STARKVILLE — Tennessee’s pitching staff is too good to blow up twice in a row.
A day after Mississippi State battered Volunteers ace Karlyn Pickens and the Tennessee bullpen in a run-rule victory, Payton Gottshall tied the Bulldogs’ batters in knots, holding them to three hits and striking out seven without issuing a walk in a 6-1 MSU defeat.
“She pitched great, and we did not do a good enough job with adjusting or swinging within the plan to start with,” Bulldogs head coach Samantha Ricketts said. “With our offense, we at least want to be tough outs, and I don’t feel like we really had a whole lot of that.”
Josey Marron started in the circle for No. 16 MSU (29-11, 9-8 Southeastern Conference) and did not have a good feel for her drop ball in the first inning, and the No. 4 Volunteers (31-7, 11-3) made her pay for it.
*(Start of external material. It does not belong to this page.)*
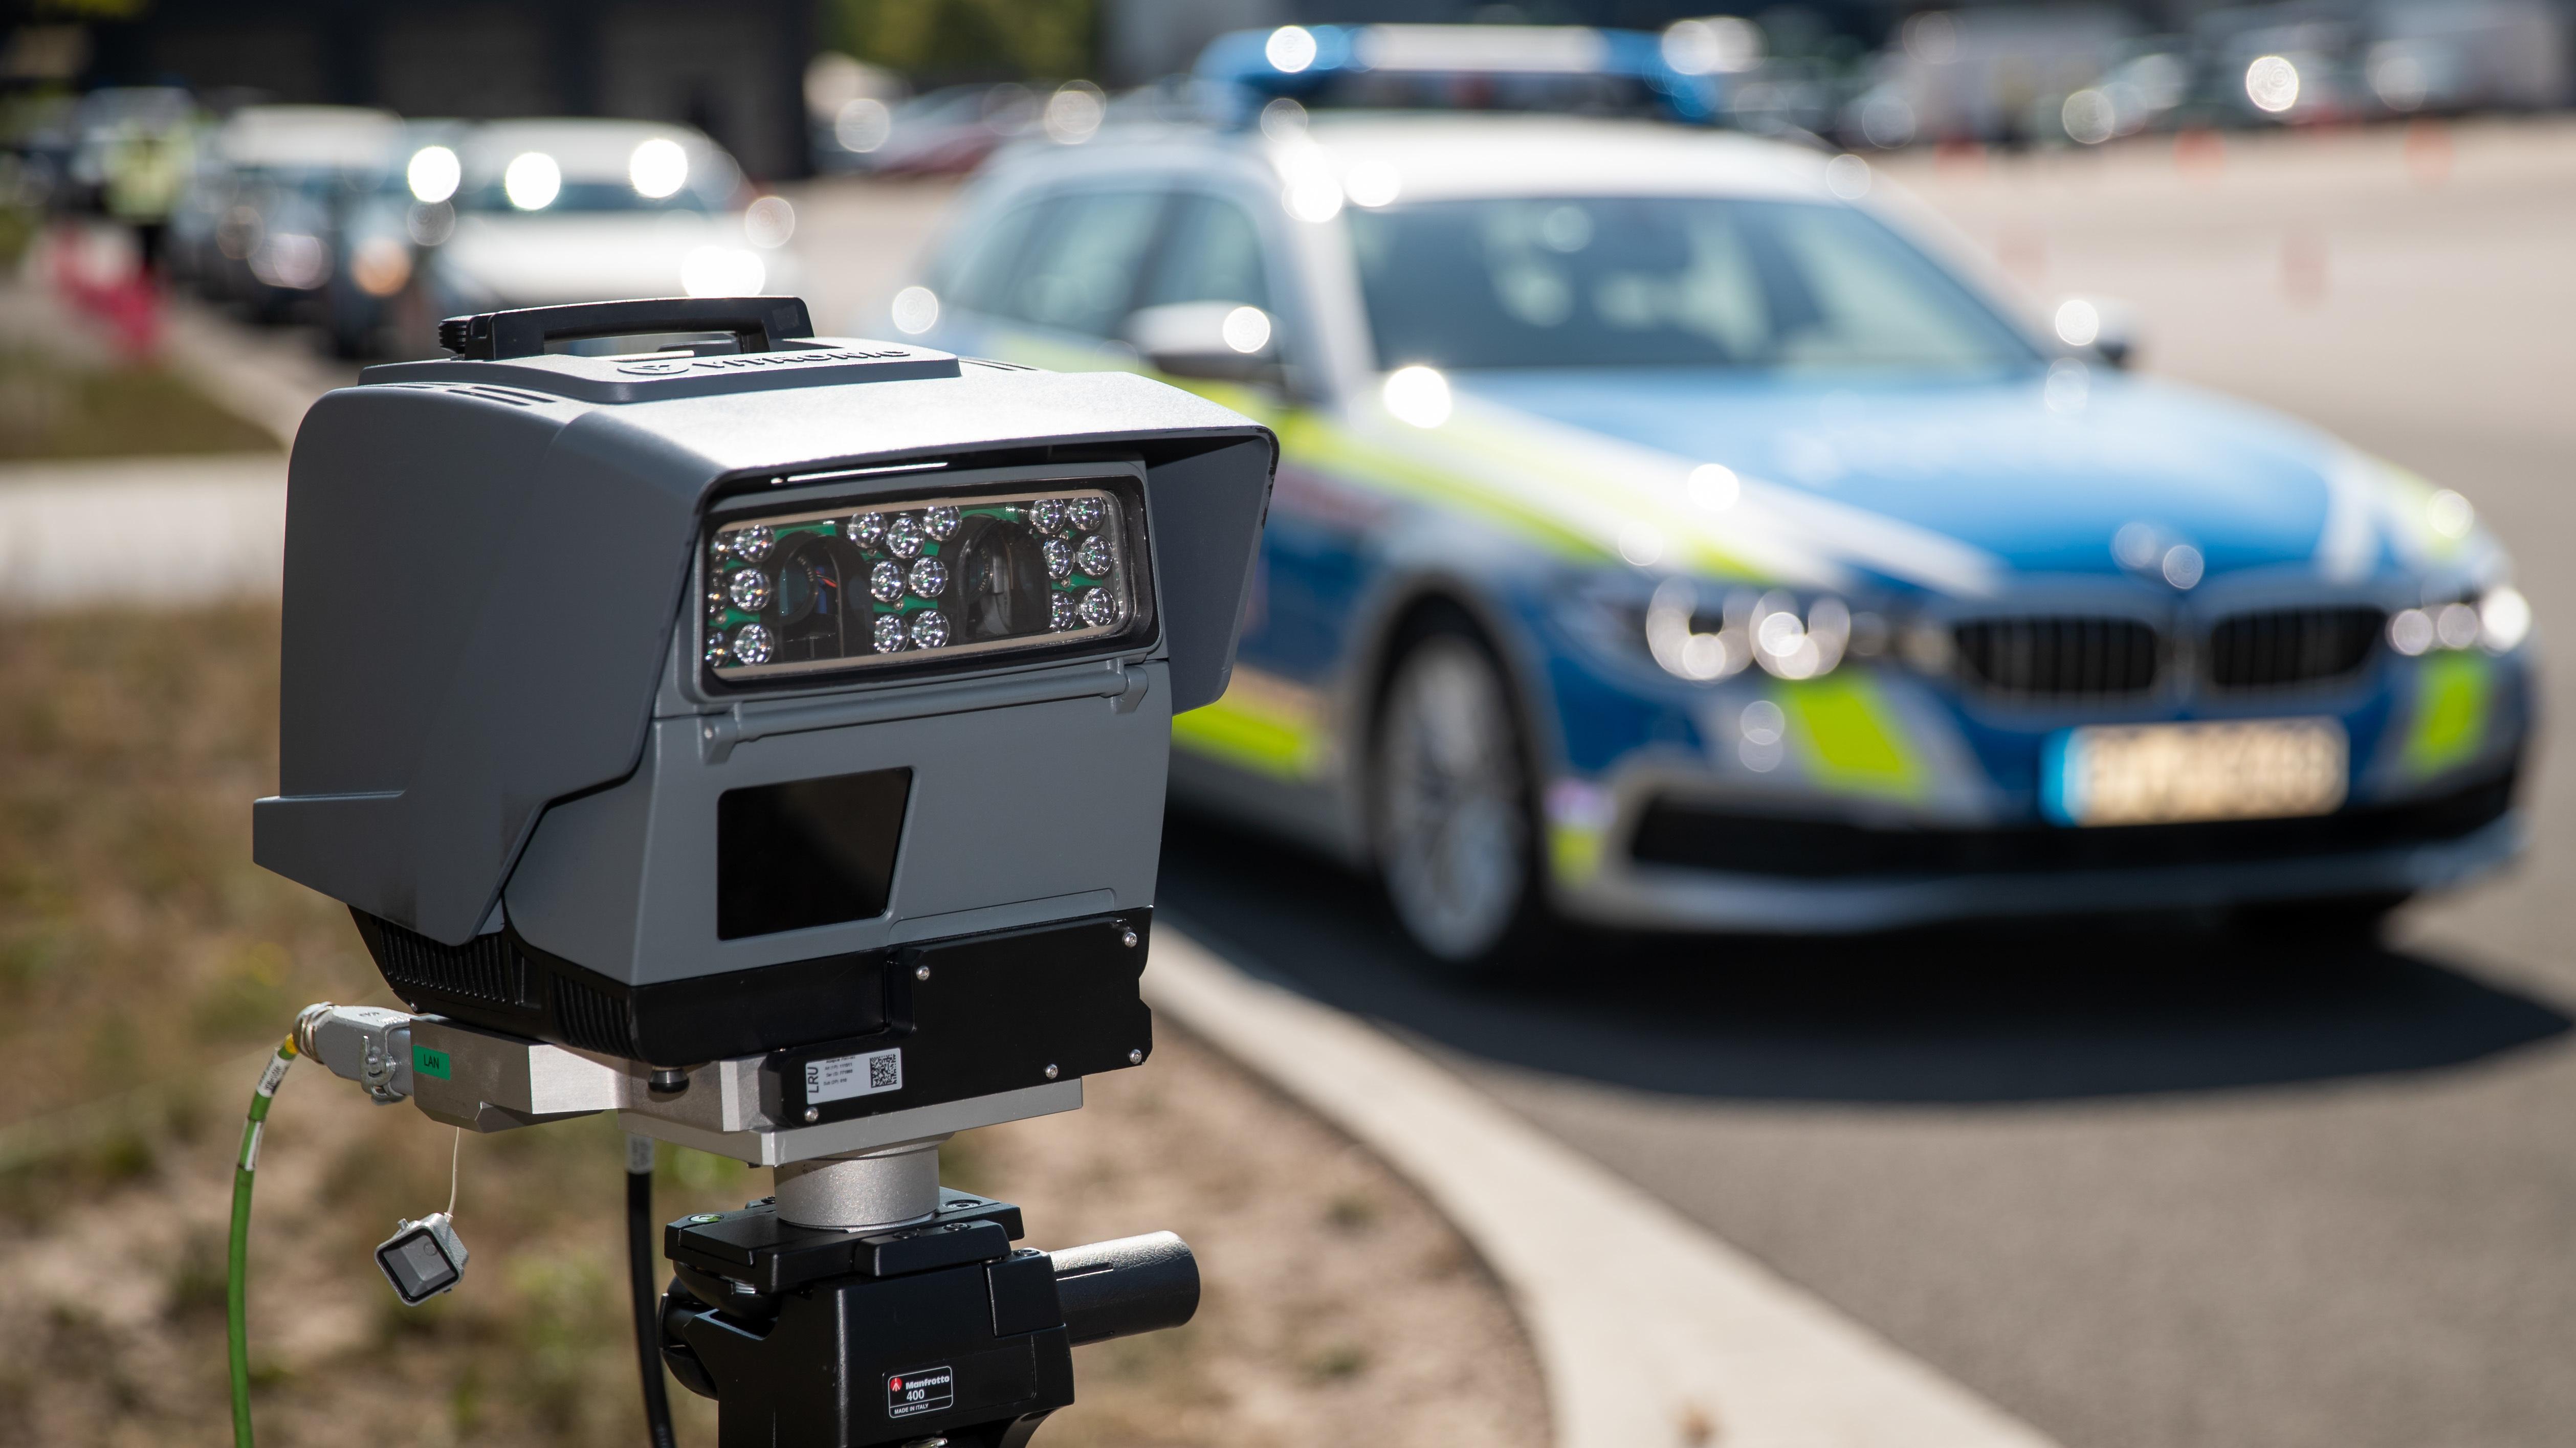 Eine transportable automatisierte Kennzeichenerkennungs-Anlage (AKE) steht vor einem Polizeiauto.

Rylie West brought in the game’s first run with a two-out double, and Sophia Nugent followed with a two-run home run that put the Bulldogs in an early 3-0 hole.
Marron settled in nicely after that, but Gottshall, after giving up a leadoff single in the first to Sierra Sacco, retired the next 11 batters she faced. The former Bowling Green Falcon needed just 88 pitches in the complete-game effort, 67 of which were strikes.
Jessie Blaine, doing the catching as usual for Marron, gave MSU its only run in the fourth when she reached for a pitch up above her shoulders and put it out over the wall in left for her sixth home run of the season. But Gottshall’s rise ball did what she wanted it to do on almost every other occasion, getting the Bulldogs to chase pitches above the zone several times.
“She’s a great pitcher, has been for years, and she had the advantage today with that up ball,” Blaine said. “We’ll make an adjustment and come back tomorrow.”
Tennessee got that run right back in the fifth, then put the game even further out of reach in the seventh when Kiki Milloy led off with her third single of the day and scored on a two-run homer by McKenna Gibson. MSU did not show great patience against Gottshall, although the Bulldogs did make seven of their outs on fly balls to the outfield.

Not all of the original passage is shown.